The pointless feuds and rage tweets, the conspiracism and obsessions all seem baked in—none of that seems to surprise the electorate anymore. He could win. He might win. Here are six reasons why.
1. The economy could come back just enough.
Reckless though it was to reopen businesses while the virus raged, states that lifted stay-at-home restrictions gave the economy an unmistakable jolt. A record-setting total of 7.5 million jobs were added in May and June. The numbers might well cool off in the coming months, but Trump can spin what might turn out to be fleeting gains as a full-fledged recovery.
“This looks like a very rapid rebound,” Gregory Daco, the chief economist at the consulting firm Oxford Economics, told me, referring to recent job numbers. “But we have to keep in mind that we’re still deep in the hole. We’ve only recouped about one-third of the jobs lost, and the second portion of the recovery phase is likely to be much slower.” To illustrate the point, Daco cited clothing sales, which dropped 90 percent from February to April. Since then, sales have nearly doubled, which may sound like reason to celebrate. But they’re still 70 percent below the peak, Daco told me.

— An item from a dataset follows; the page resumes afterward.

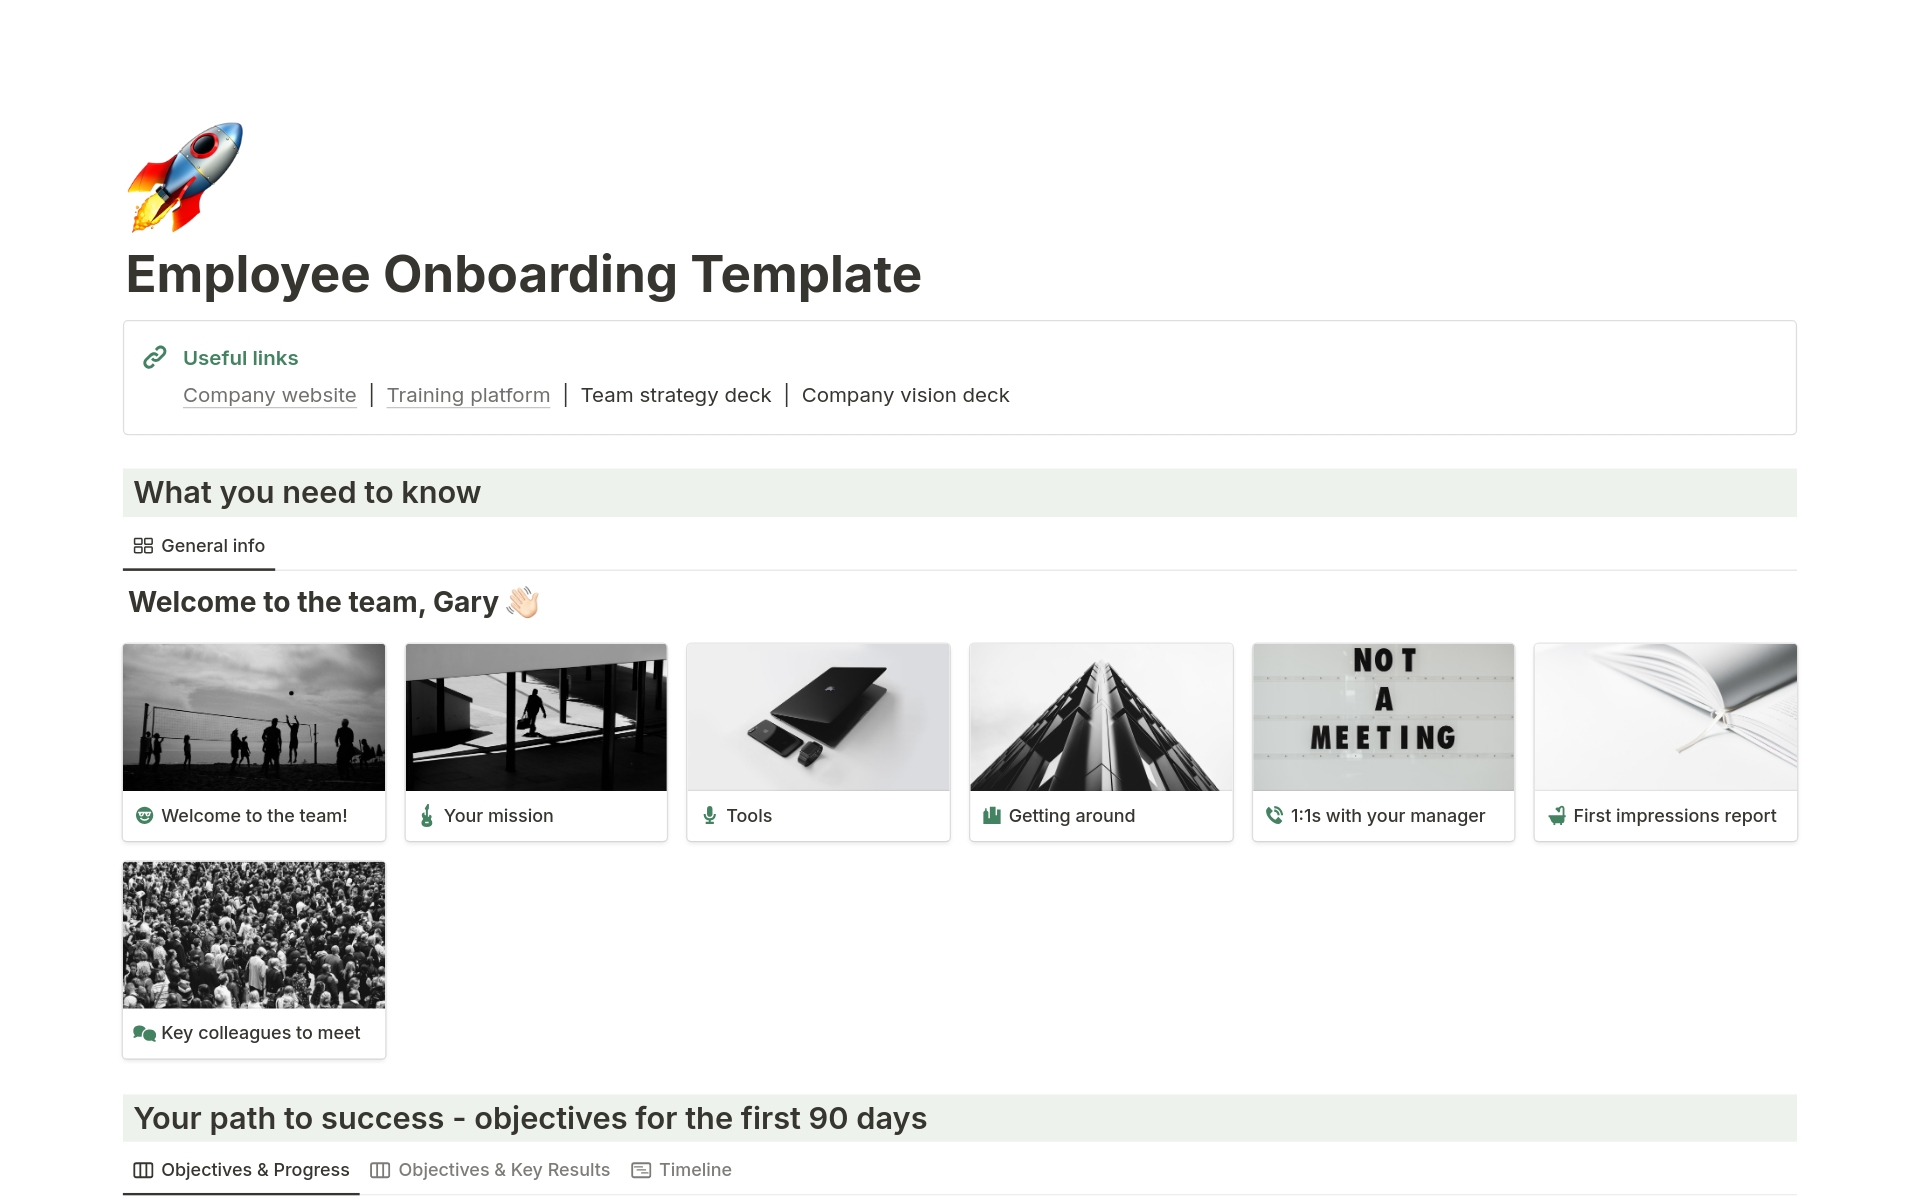 A shared portal for your new hire. Get ready for their first day in your team with the Employee Onboarding template. Using the 30-60-90 system to ensure progressive and stable onboarding.

For Trump’s purposes, the broader context wouldn’t matter. He’d point to the progress and ignore the rest. And some may be inclined to believe him. Even as voters sour on Trump for other reasons, 50 percent still like the way he handles the economy, a new ABC News-Washington Post survey shows.
“The president needs a glimmer of hope in the fall, and that will be enough on the economy,” a former senior White House official told me, speaking on the condition of anonymity in order to talk candidly about Trump’s reelection.
2. Polling could be wrong (again).
Four years ago, the race between Trump and Hillary Clinton came down to Wisconsin, Michigan, and Pennsylvania. Trump narrowly won all three. This time around, Biden is leading in each of the same three states by anywhere from 6 to 8 points, the RealClearPolitics average of polls shows.
If that sounds familiar, it may be because state surveys also showed Clinton topping Trump in Wisconsin, Michigan, and Pennsylvania ahead of the election. In Pennsylvania alone, seven different state polls taken in the first two weeks of October 2016 showed Clinton beating Trump by no fewer than 4 percentage points and by as many as 9. She wound up losing the state by about a point.
Read: Debbie Dingell is afraid the Trump polls are wrong—again
Postmortem analyses of state polling turned up serious flaws. In some instances, surveys failed to correct for the overrepresentation of college-educated voters who participate more in polls and tended to favor Clinton. Or they didn’t capture a trend in which most voters who made up their minds late voted for Trump.
Franklin, the Marquette Law School poll director, told me that his survey now shows Biden leading the president by 8 points in Wisconsin. But how much weight do such polls deserve, given the debacle in 2016? At the end of that race, Clinton led Trump by an average of more than 6 points in Wisconsin and then lost by nearly a point.